§ **Task instructions**
Could you repeat the listing below exactly while leaving its pictures behind?

§ **Available data**
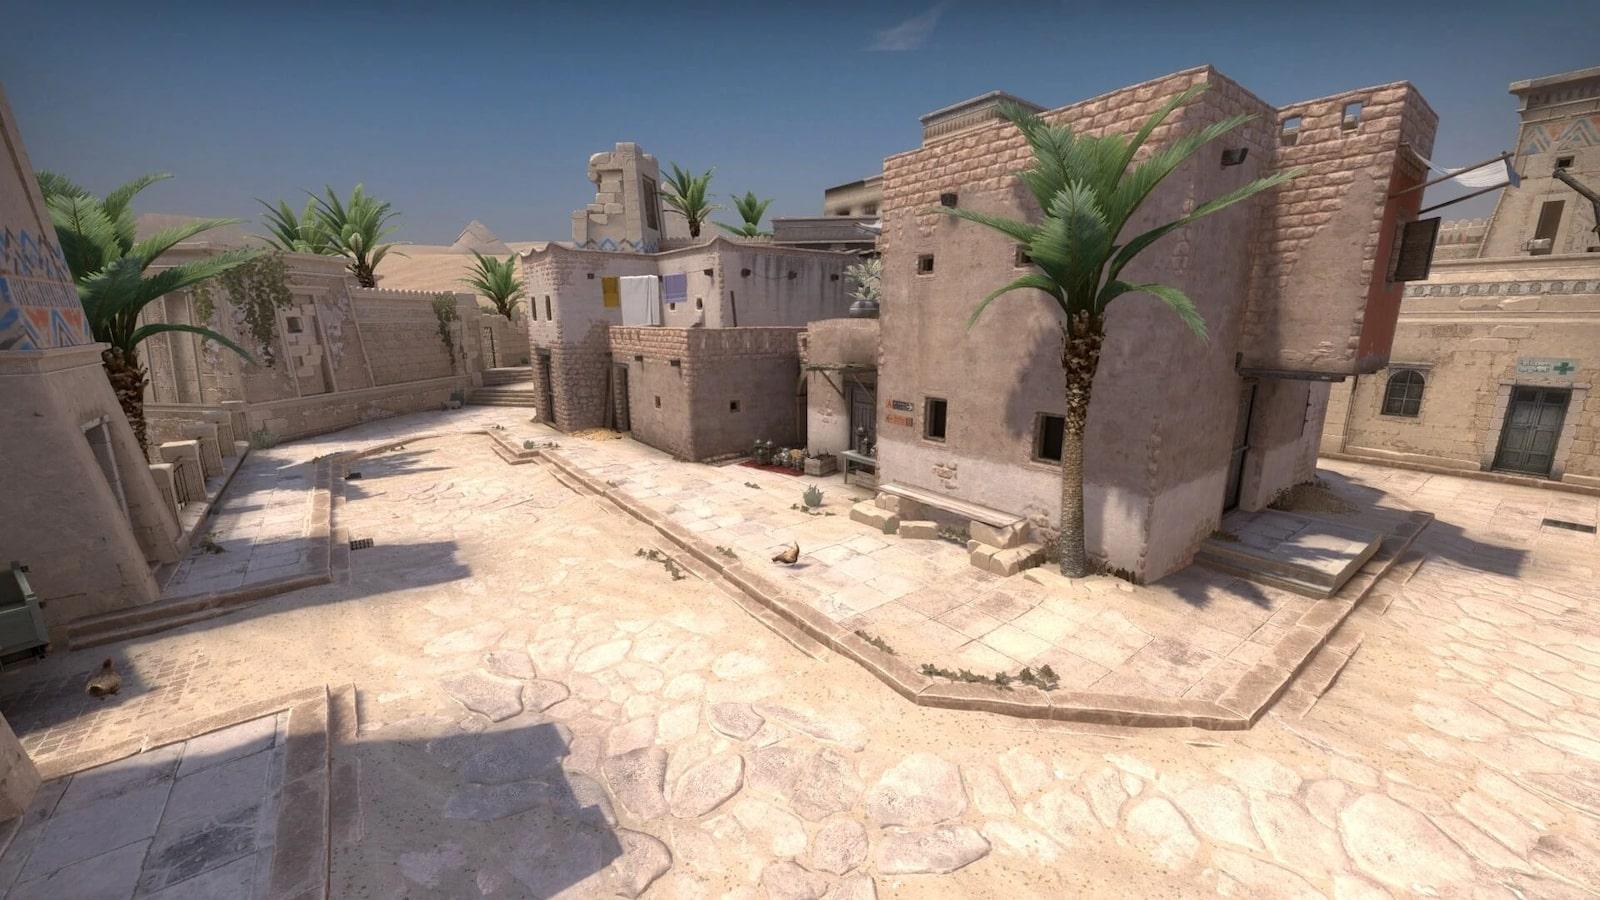 CS:GO map Anubis which will replace Dust2
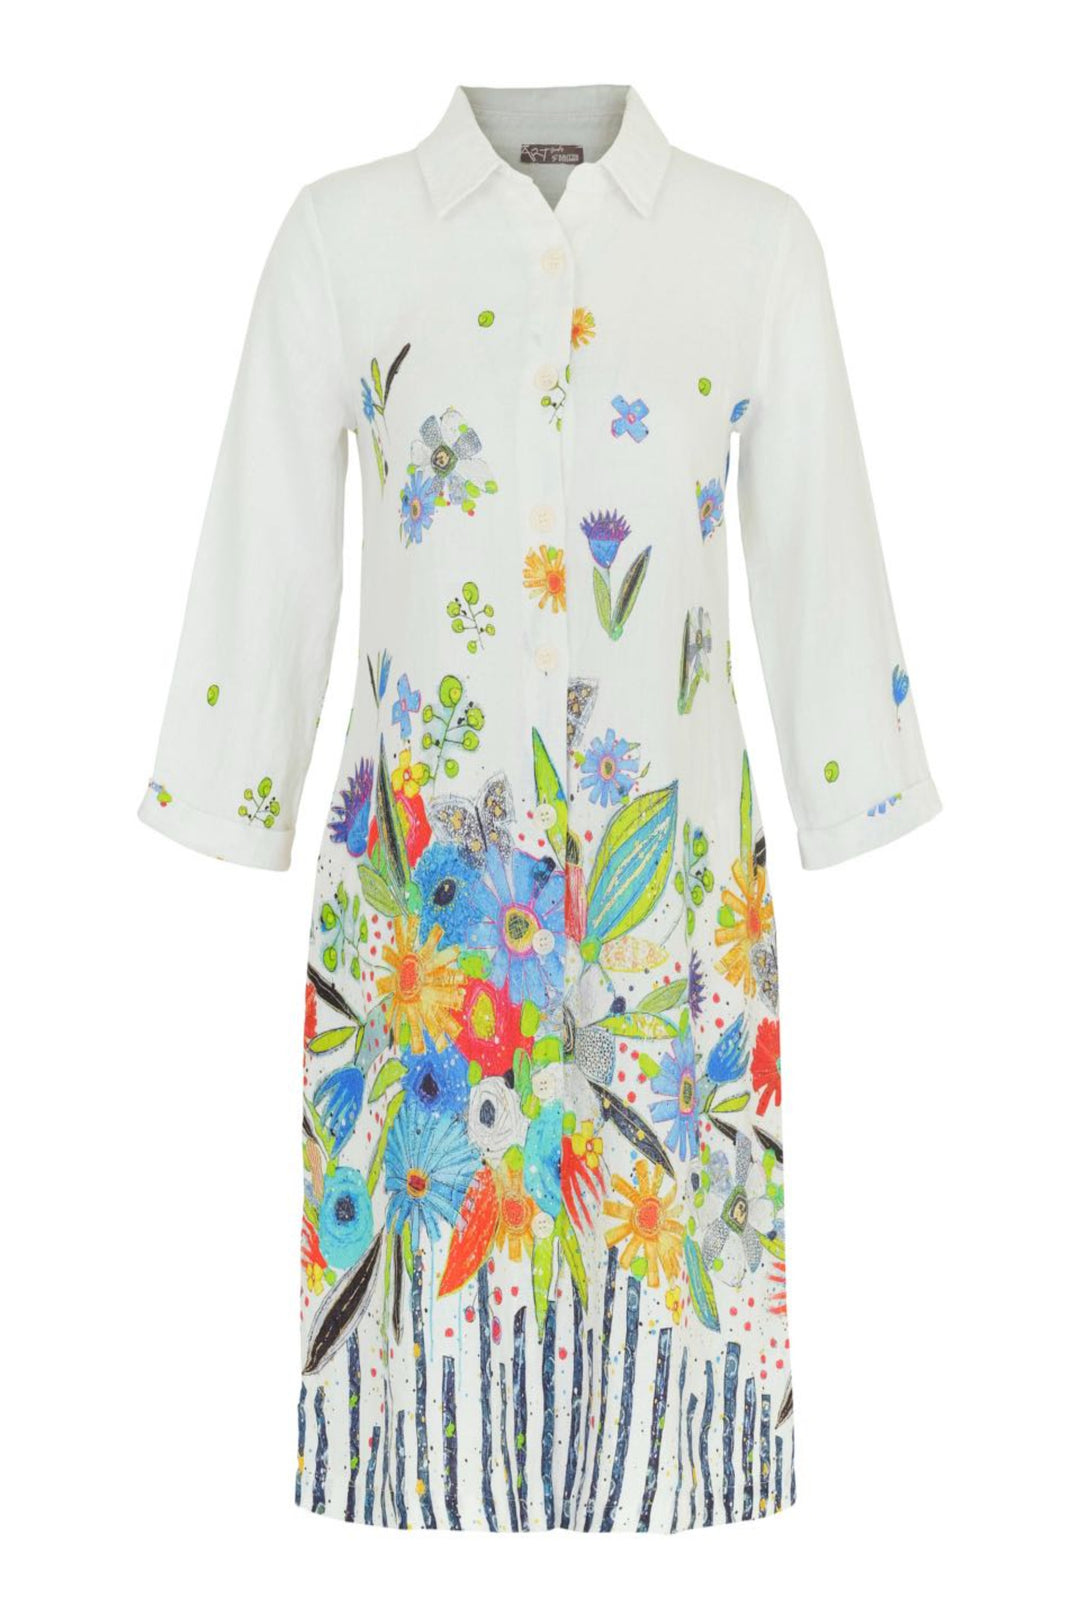 Dolcezza Spring 2024 This wonderful duster dress will add a touch of spring and Easter to your wardrobe! Made of light linen, featuring a classic collar, relaxed fit and shirt-style dress with 3/4 length sleeves- perfect for any spring and summer day!
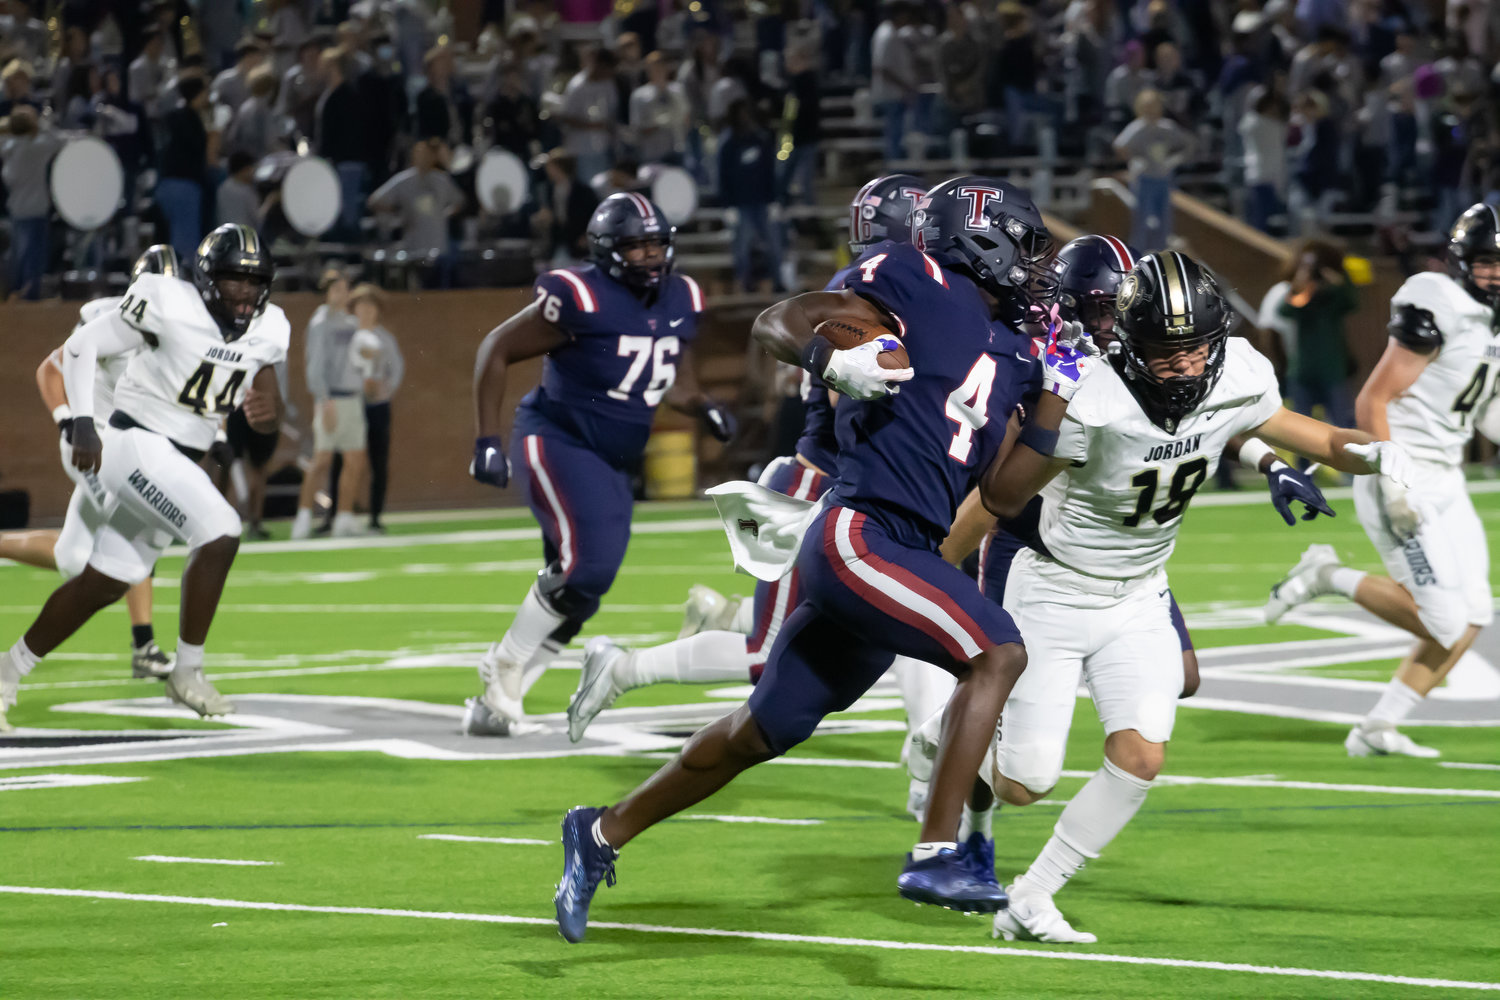 Tompkins' Matthew Ogunrin breaks to the outside during Friday's game between Tompkins and Jordan at Rhodes Stadium.

§ **Result of this task**
 CS:GO map Anubis which will replace Dust2
 Dolcezza Spring 2024 This wonderful duster dress will add a touch of spring and Easter to your wardrobe! Made of light linen, featuring a classic collar, relaxed fit and shirt-style dress with 3/4 length sleeves- perfect for any spring and summer day!
 Tompkins' Matthew Ogunrin breaks to the outside during Friday's game between Tompkins and Jordan at Rhodes Stadium.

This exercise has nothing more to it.